Известна одна наука, читаем мы в «Немецкой идеологии», — наука истории. Поэтому материализм Маркса — материализм исторический. Как нельзя судить о человеке по тому, что он сам о себе думает, так опрометчиво делать выводы об исторической эпохе по

отражению в сознании. Все противоречия философ объясняет конфликтом производительных сил и производственных отношений.

Что же касается определения «диалектический материализм», то, говоря словами В. И. Ленина, «Маркс не остановился на материализме XVIII века, он обогатил его идеями немецкой классической философии». Однако Марксово понимание гегелевской диалектики достаточно своеобразно. В предисловии к «Капиталу» он пишет, что Идея как независимый субъект и демиург реальности у Гегеля должна быть переосмыслена. «Для меня идеальный элемент — не что иное, как элемент материальный, перенесенный в человеческий ум... Чтобы отделить рациональный момент от мистического вздора, надо поставить диалектику с головы на ноги».

Диалектика дает понимание не только реального исторического развития, но и неизбежность столкновения новых форм жизни с существующим порядком вещей. От идей следует перейти к истории, к фактам, от «несчастного сознания» к «противоречивой реальности». Диалектика как закон исторического развития выражает неизбежность перехода от капитализма к коммунизму, кладущему конец эксплуатации и отчуждению.

5.10. Классовая борьба и «Капитал»

История любого общества, вплоть до настоящего момента, читаем мы в «Манифесте Коммунистической партии», — это история классов. Свободные и рабы, патриции и плебеи, бароны и крепостные, угнетенные и угнетатели не прекращают внутренней борьбы. Только в новейшее время конфликт упростился, осталась лишь оппозиция — буржуа и пролетарии. Первые — владельцы частной собственности, вторые — те, у кого ее нет, а потому они вынуждены продавать свою рабочую силу. По закону диалектики, если буржуазия составляет внутреннее противоречие феодализма, то пролетариат — динамит внутри буржуазного общества. В той мере, в какой растет буржуазия и, значит, капитал, пропорционально растет пролетариат и его способность к самоорганизации. Теория становится революционной силой, когда она овладевает массами.

129

Неизбежность победы пролетариата Маркс обосновывает в «Капитале». У товара есть две стоимости — потребительская и обменная. Обменная стоимость дает возможность приравнивать совершенно несхожие виды товаров по количеству общественно необходимого времени для производства товарной единицы. Но загвоздка в том, что товарный обмен — не столько отношение между вещами, сколько отношение между людьми. Классическая экономия здесь бессильна.

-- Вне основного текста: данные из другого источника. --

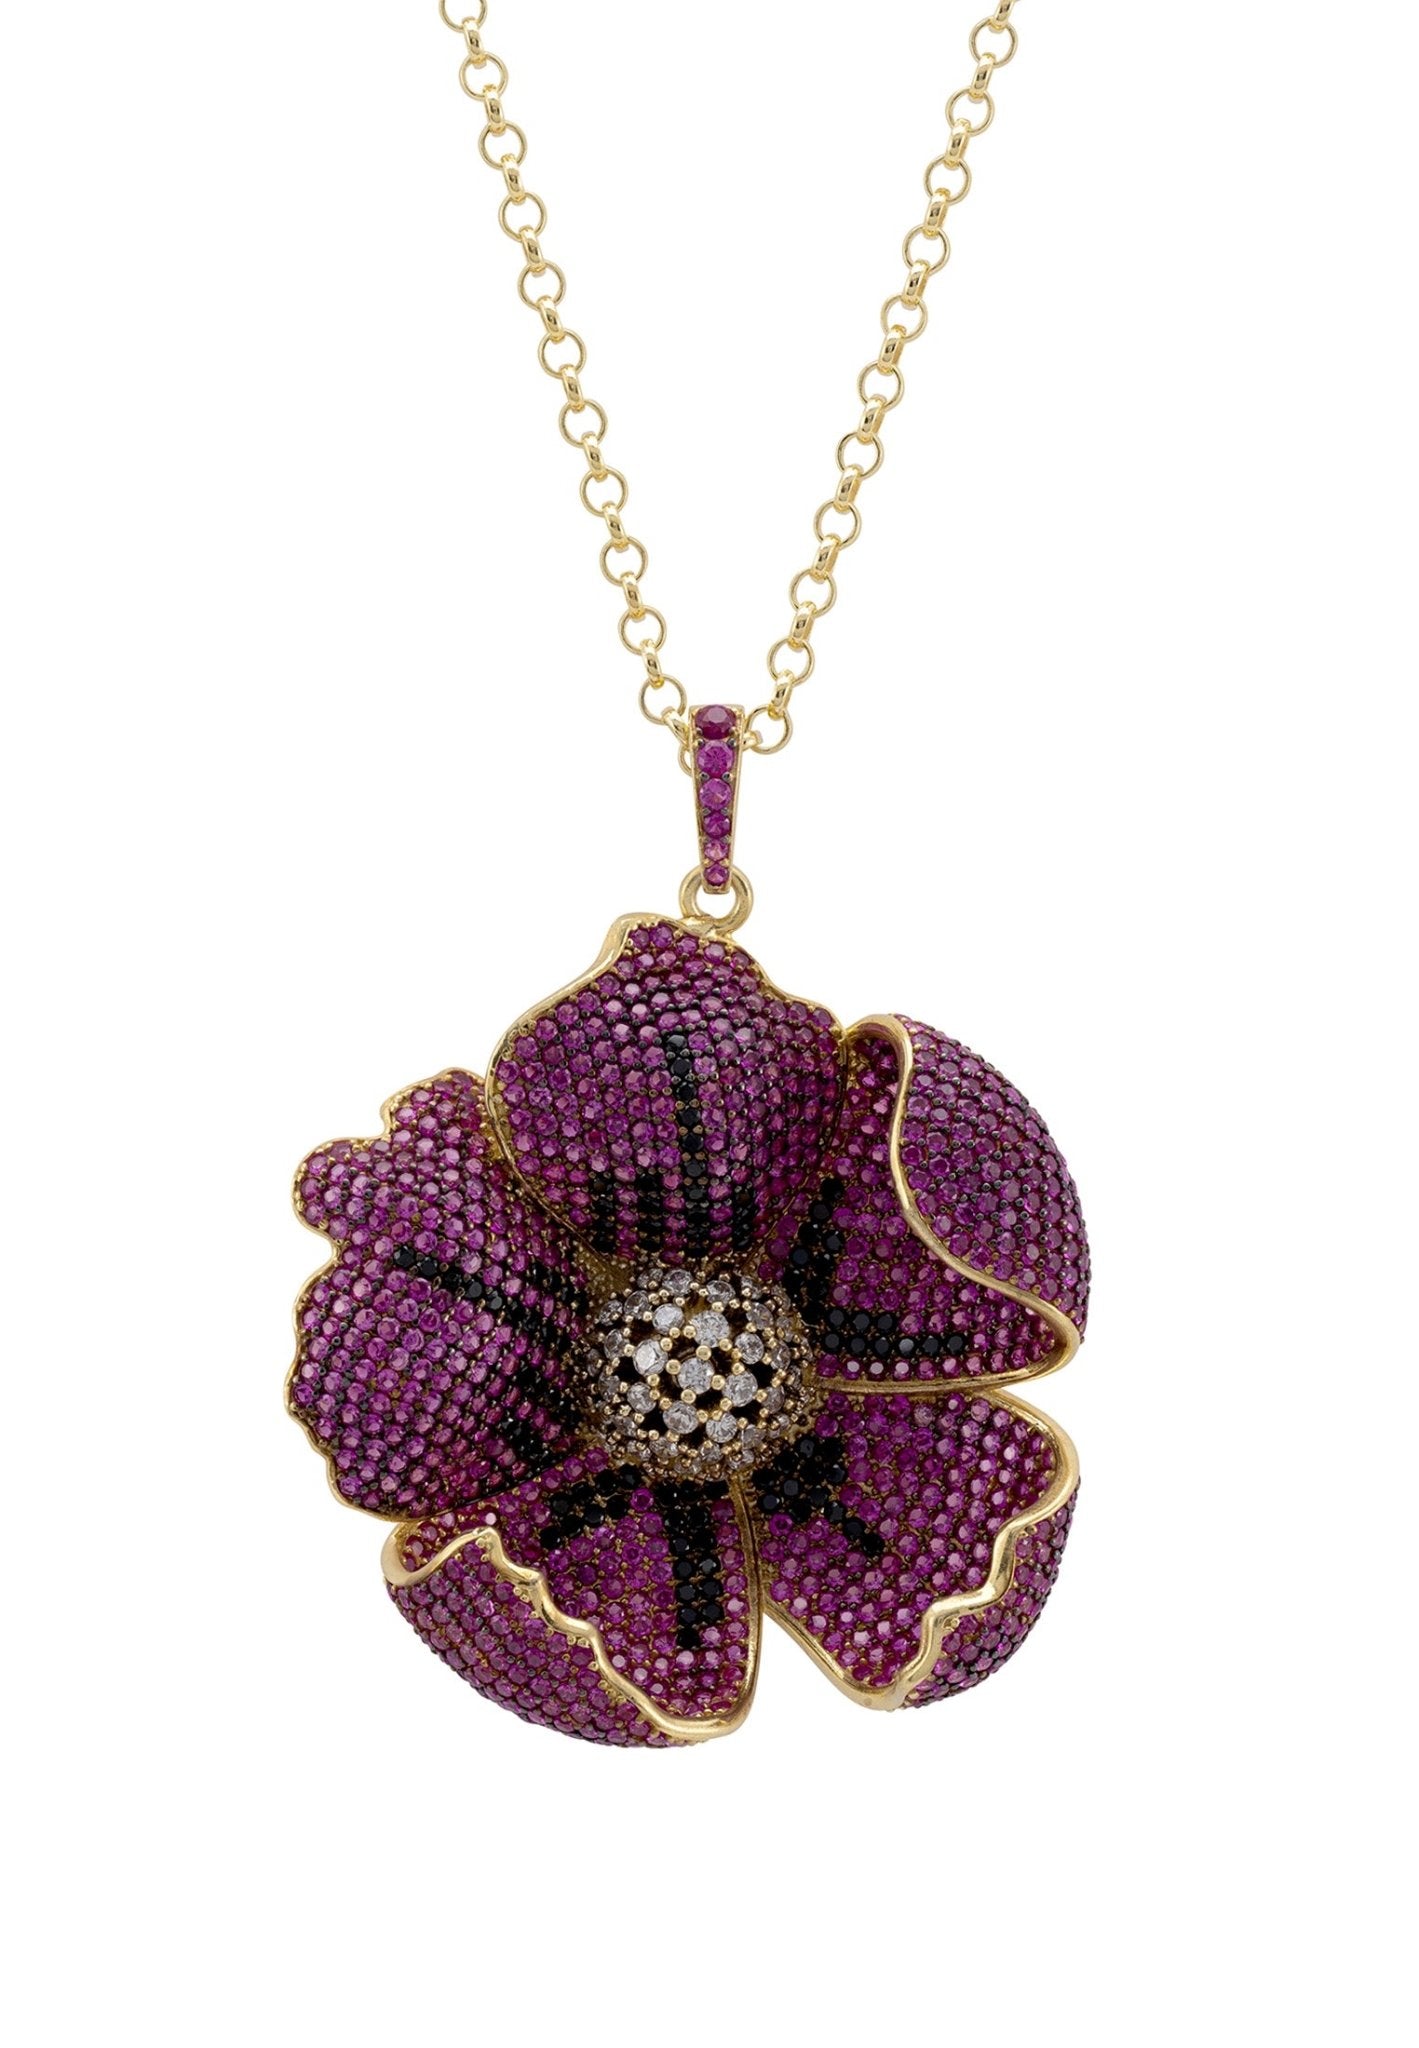 Poppy Pendant Necklace Gold Ruby Red Cz - LATELITA Necklaces
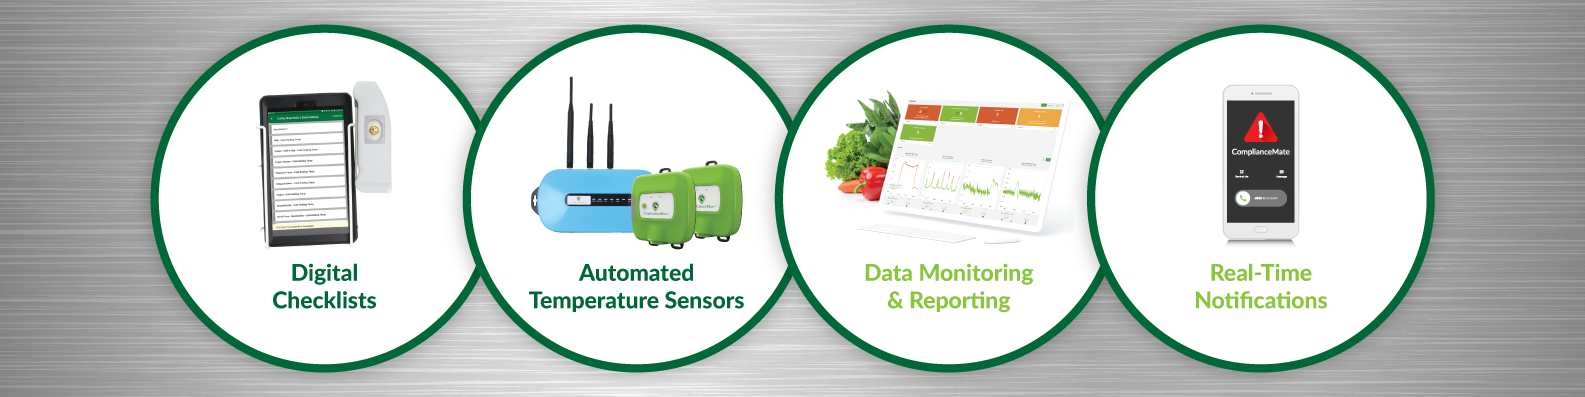 IoT Temperature Monitoring in Food Service Is Just the Beginning

Не только вещь, но и труд — предмет купли-продажи. Капиталист оплачивает рабочему стоимость жизни его самого и семьи. Но труд как товар не просто товар: он создает неучтенную прибавочную стоимость. Например, за шесть часов «необходимого» времени рабочий покрывает стоимость товаров, достаточных для его содержания. Но, работая еще

шесть сверхурочных, неоплаченных нанимателем часов, наемный рабочий создает прибавочную стоимость. Так, разница между постоянным капиталом и переменным дает формулу капиталистического производства: Д—Т—Д', где Д — деньги на покупку средств производства и рабочей силы (Т), а Д' — начальный капитал плюс прибавочная стоимость.

Постоянно увеличивающаяся прибавочная стоимость, между тем, не «съедается» капиталистом, он вкладывает ее в дело. Так аккумуляция капитала и сосредоточение богатства и роскоши в руках немногих на одном социальном полюсе порождают ужасающую масштабами нищету на другом полюсе. Чем меньше магнатов, узурпирующих власть и богатства в своих руках, тем больше масса люмпенов. Монополия капитала становится проводником способа производства. Централизация средств производства и социализация труда входят в противоречие с сутью частной собственности. Итак, пробил последний час капиталистической частной собственности. «Экспроприаторы должны быть экспроприированы».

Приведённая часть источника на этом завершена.